Exposition numérique 3

Après Malraux, on peut imaginer aujourd’hui un Musée imaginaire en temps-réel, un peu comme le fait Flickr en publiant en temps réel les dernières photos mises en lignes par les usagers.

Le numérique a l’avantage aussi de permettre de dépasser les contraintes matérielles du format de l’imprimé. Pour les oeuvres d’art, architecture, lieu, en fait pour tous les objets plus petits que le livre, l’imprimé rapetisse, parfois dans des proportions immenses. Comme si pour tous ces objets, le livre était une carte avec une échelle: on peut imaginer calculer l’échelle de reproduction des images, comme en cartographie. La place Saint-Pierre sur une carte postale, cela a quelle échelle? Pour les images, le numérique permet de changer d’échelle, mais à partir du moment où l’objet représenté est plus grand que l’écran ou le livre, sa représentation devient une miniaturisation.

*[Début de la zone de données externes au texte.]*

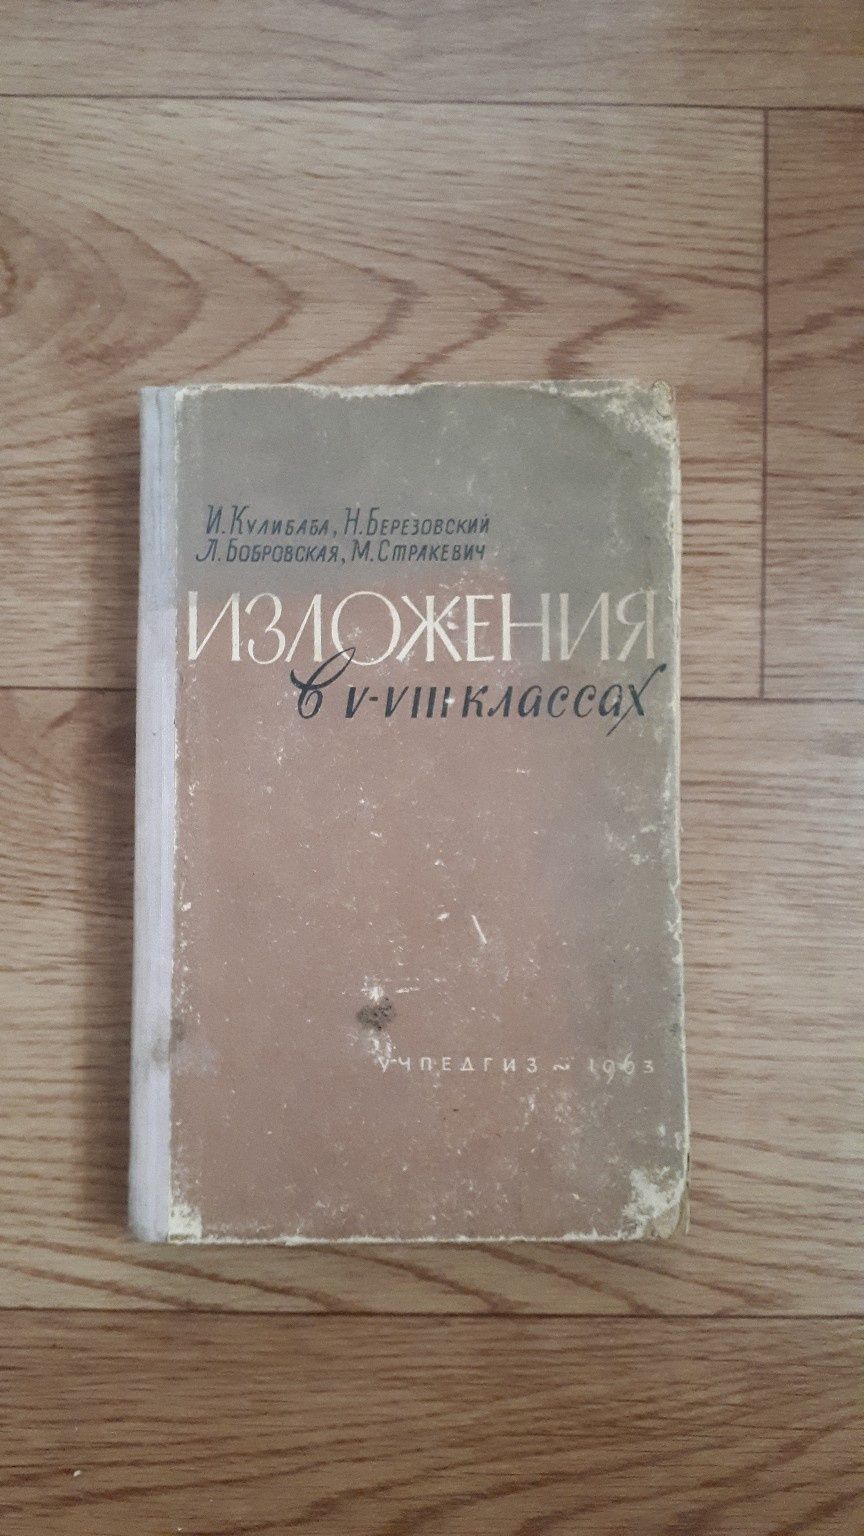 Книги Учебники времен СССР
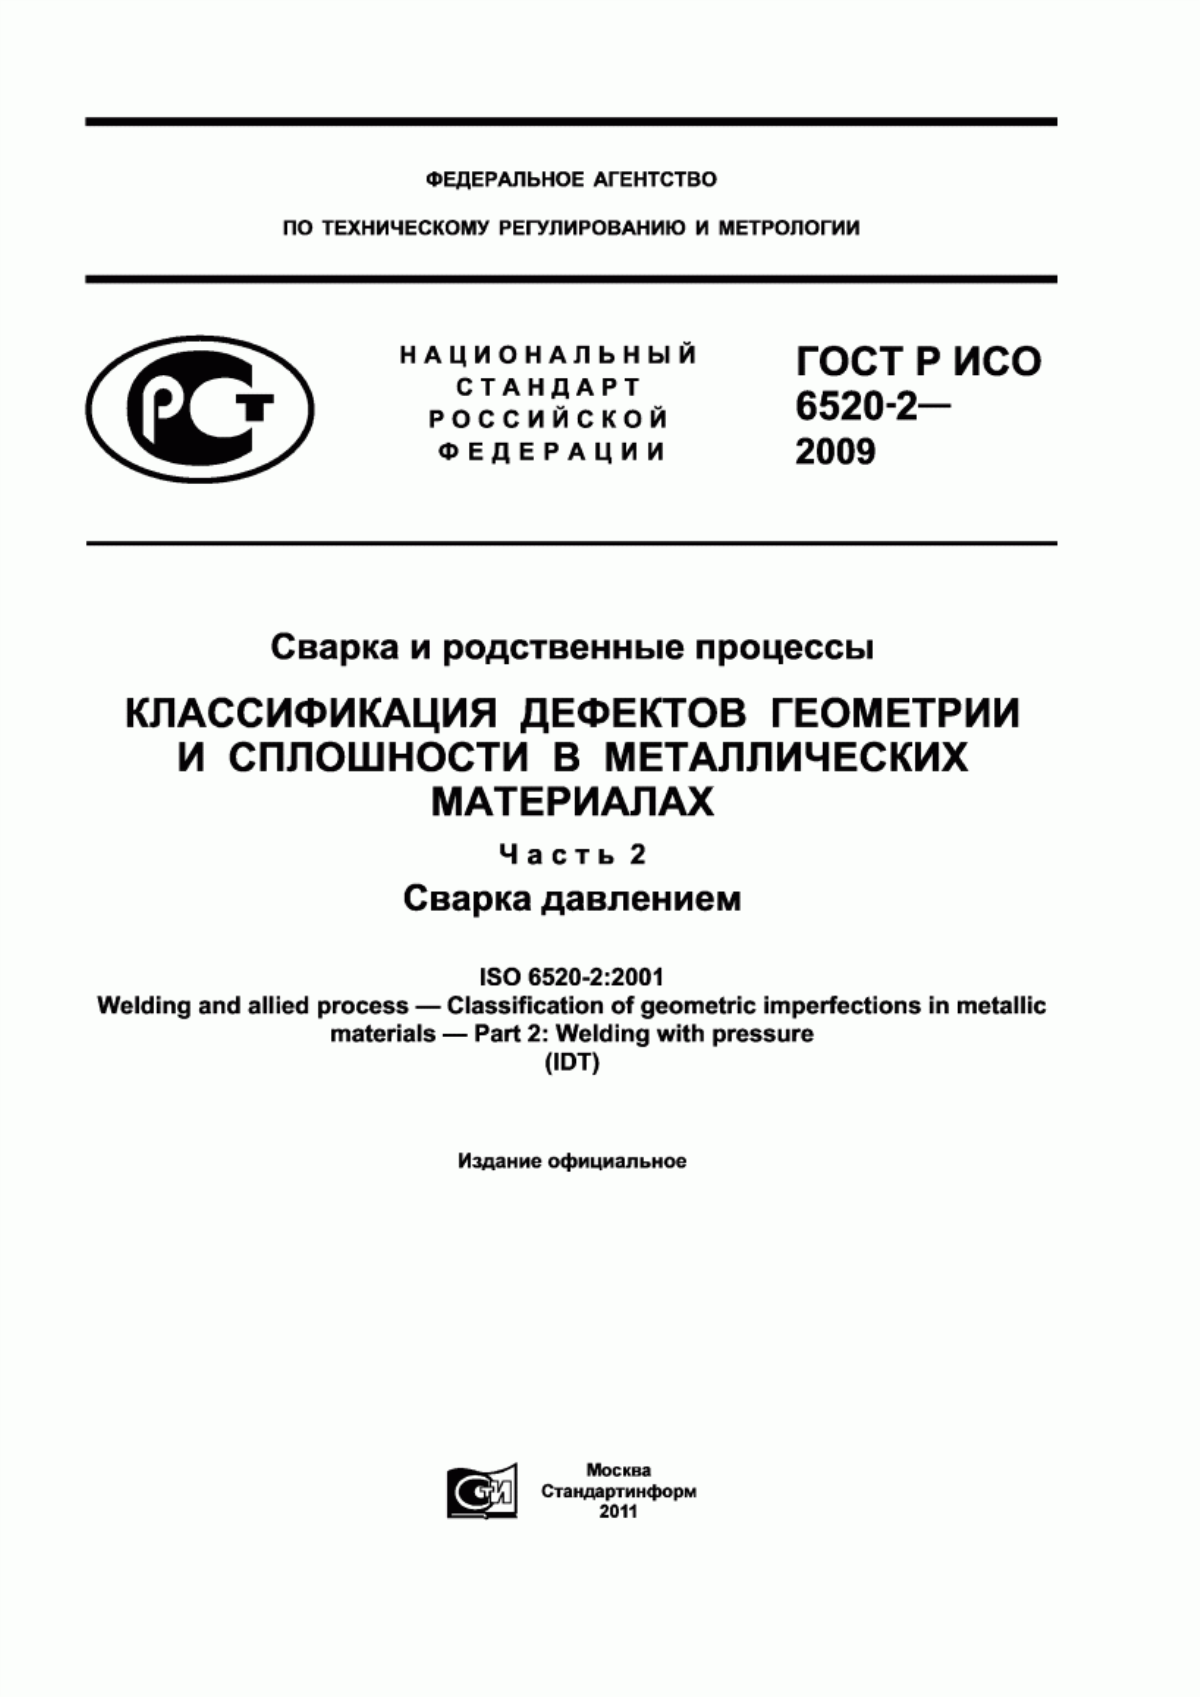 ГОСТ Р ИСО 6520-2-2009 Сварка и родственные процессы. Классификация дефектов геометрии и сплошности в металлических материалах. Часть 2. Сварка давлением

L’imprimé ou le Monde miniaturisé: 1) avantage du livre qui rend la culture et la connaissance portative et accessible 2) limite du livre pour une expérience plus entière, plus complète avec les objets originaux. Le succès d’Imax ne s’explique pas autrement: par l’agrandissement de petits objets, mais aussi par la possibilité d’adopter une échelle de représentation plus près des dimensions des objets représentés.

Donc, le numérique rend possible la création de « livres géants« , totalement surdimensionnés, comme l’a bien montré le Moulin à images de Lepage, à Québec. L’affichage commerciale a compris depuis longtemps la puissance évocatrice et visuelle des grands formats.

Première exposition numérique universelle: les villes dans la culture

Small is (not always) beautiful

La culture à Lilliput

Papa, Apple a rapetissé la culture

16 x 9, et le 5 x 7 , à peine plus grand qu’une fiche bibliographique!

Les lieux communs de diffusion doivent ajouter à l’expérience collective: événements culturels partagés, en temps réel / temps personnel?

Tous les imprimés sont plus grands que le Ipad! Journaux, revues, affiches, etc. Tous sera de la grandeur d’un Kindle et d’un Ipad, toutes les peintures, toutes

Dans le monde du cinéma, la techno permet d’agrandir l’expérience (grands écrans) pour la rapprocher de la diffusion optimale offert par les cinémas. Mais il n’y pas de bibliothèque maison! L’imprimé rapetisse dans le numérique: format, qualité, etc. Un IPod ne contient pas de petits 33 tours.

Comment mettre en valeur la richesse documentaire rendue accessible à travers les importants programmes de numérisation entrepris par les institutions (bibliothèques, musées, etc.)? En ce moment, on augmente l’offre tellement que la performance de la recherche, la capacité d’exploiter et de mise en valeur des contenus diminuent… D’un côté, les entreprises privées développent, innovent et créent de nouveaux supports, de nouveaux interfaces et mode de consultation/édition ; de l’autre, les institutions mettent en ligne des millions de textes, images et contenus sonores. Comment utiliser les premiers pour diffuser les seconds?

Penser une institution nouvelle, un macro-support (un macro Ipad) pour diffuser tout ça. S’il y avait un Ipad grand comme un écran Imax, pourvu des mêmes fonctionnalités pour une projection collective, quel produit / oeuvre/ production les créateurs de tous horizons pourraient-ils créer? On peut imaginer un outil pour produire autant de Moulin à Images qu’il y aurait des commmissaires (curateurs).

Diffuser des parcours de recherches, de découvertes, des oeuvres multimédias imaginaires, délocalisés…

Chaîne de diffusion des collections numériques mondiales?

Une bibliothèque, un musée, un centre d’archives, sont toujours une sélection.